Monday, August 13, 2007

Why we need "blind readers"

Okay, I had an epiphany today--I discovered a "flaw" in my w.i.p. I put flaw in quotation marks because this one is big enough to drive all the semis delivering the last Harry Potter through, side by side. The problem is I developed, added to and changed the characters, after taking Donald Maass' Write the Breakout Novel Intensive workshop (excellent), which transformed relationships which meant that a plot point disappeared. Vanished. Gone and left behind a black hole.

I'm fortunate to have an excellent writers' group that I credit for much assistance and for most of my improvement of my writing. They didn't catch the plot hole. Why? Because they had read the earlier drafts, of course!

Hence the value of "blind readers." A term which always puzzles non-writers--do you have to translate into braille? Not unless the reader is literally (sorry, bad pun) blind. A blind reader is someone who has never read any draft or section of your w.i.p. When the draft is very, very close to final is when you have as many blind readers read it as possible.

The blind reader is a great resource. They catch all the things that a writer doesn't: plot failures big and small, character problems, where the novel works and where it doesn't (especially important). Blind readers are not your family, your close friends or a possible agent. Blind readers are best if they enjoy reading and read widely in your genre or lack of genre, but are fine just as long as they love to read. Writers are nice as well as blind readers, but sometimes writers are too much editors. Blind readers are the closest thing to objective that a writer can hope to find.

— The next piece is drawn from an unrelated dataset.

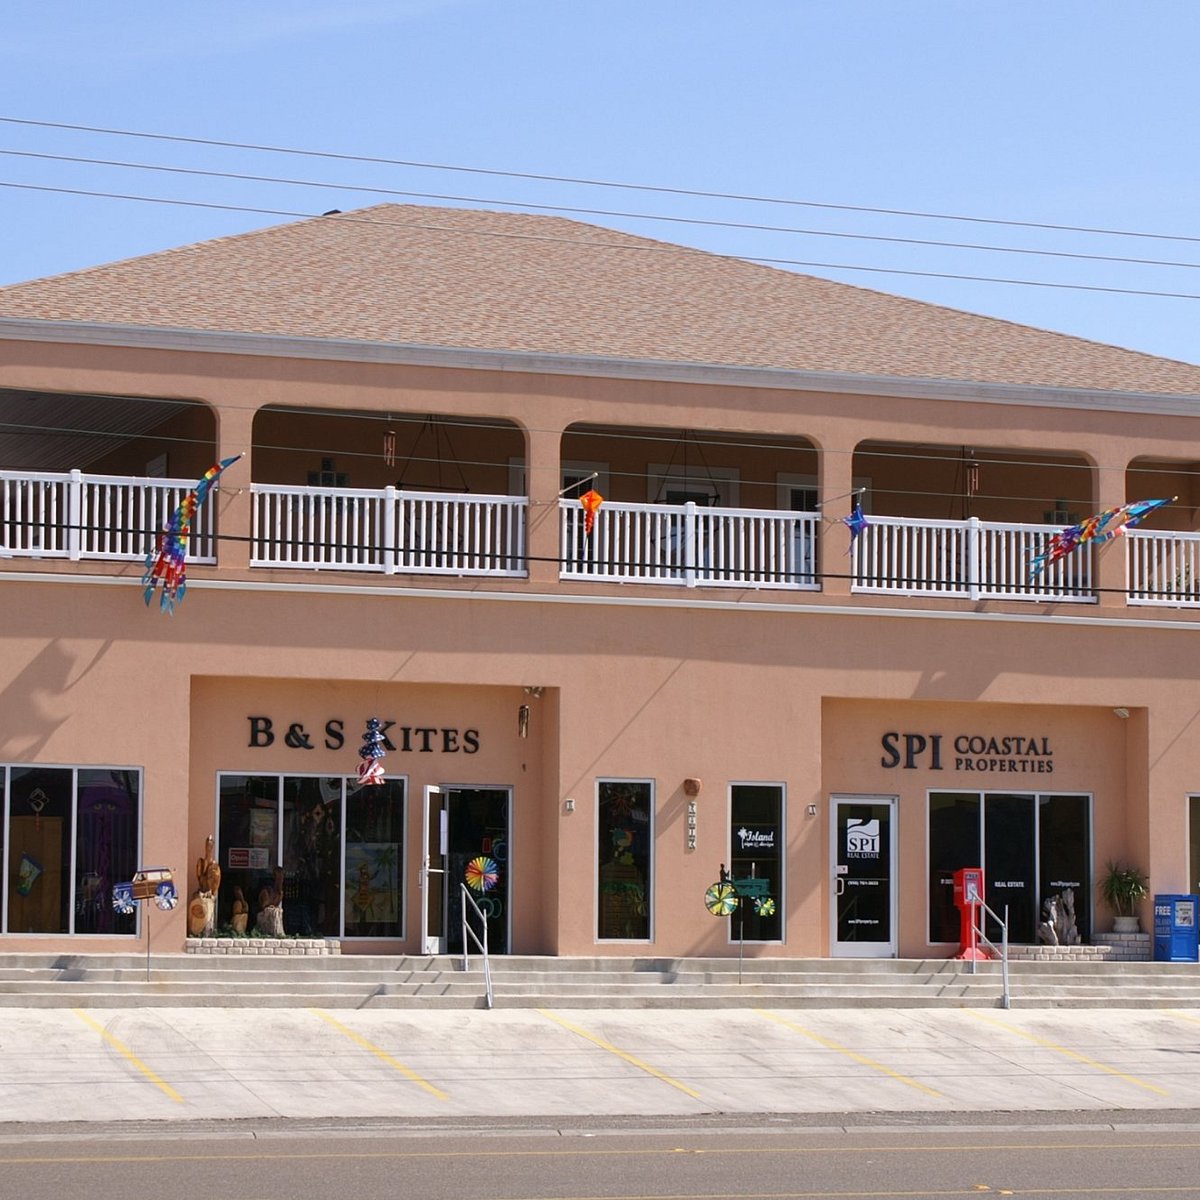 Продажа Kites в г. Bolivar Beach, Texas

How to find a blind reader? I have a librarian friend who has a couple of friends. I have a writer friend who belongs to a book club and knows a couple of avid readers. Book clubs, librarians, writers that have friends--are you friendly with the clerks at a bookstore? When you find a blind reader, resist the urge to make a new friend. Explain how you truly are thick-skinned (a little white lie) and would love to hear their honest opinion. If it's not too long and involved, a short quick list of questions at the end of your w.i.p. is also useful: "Were you ever confused or lost or did you lose interest in any of title of book?" Keep your interaction brief with a blind reader so they don't become exhausted and use each only a few times.

HINT: Blind readers are gold and well worth searching for and finding.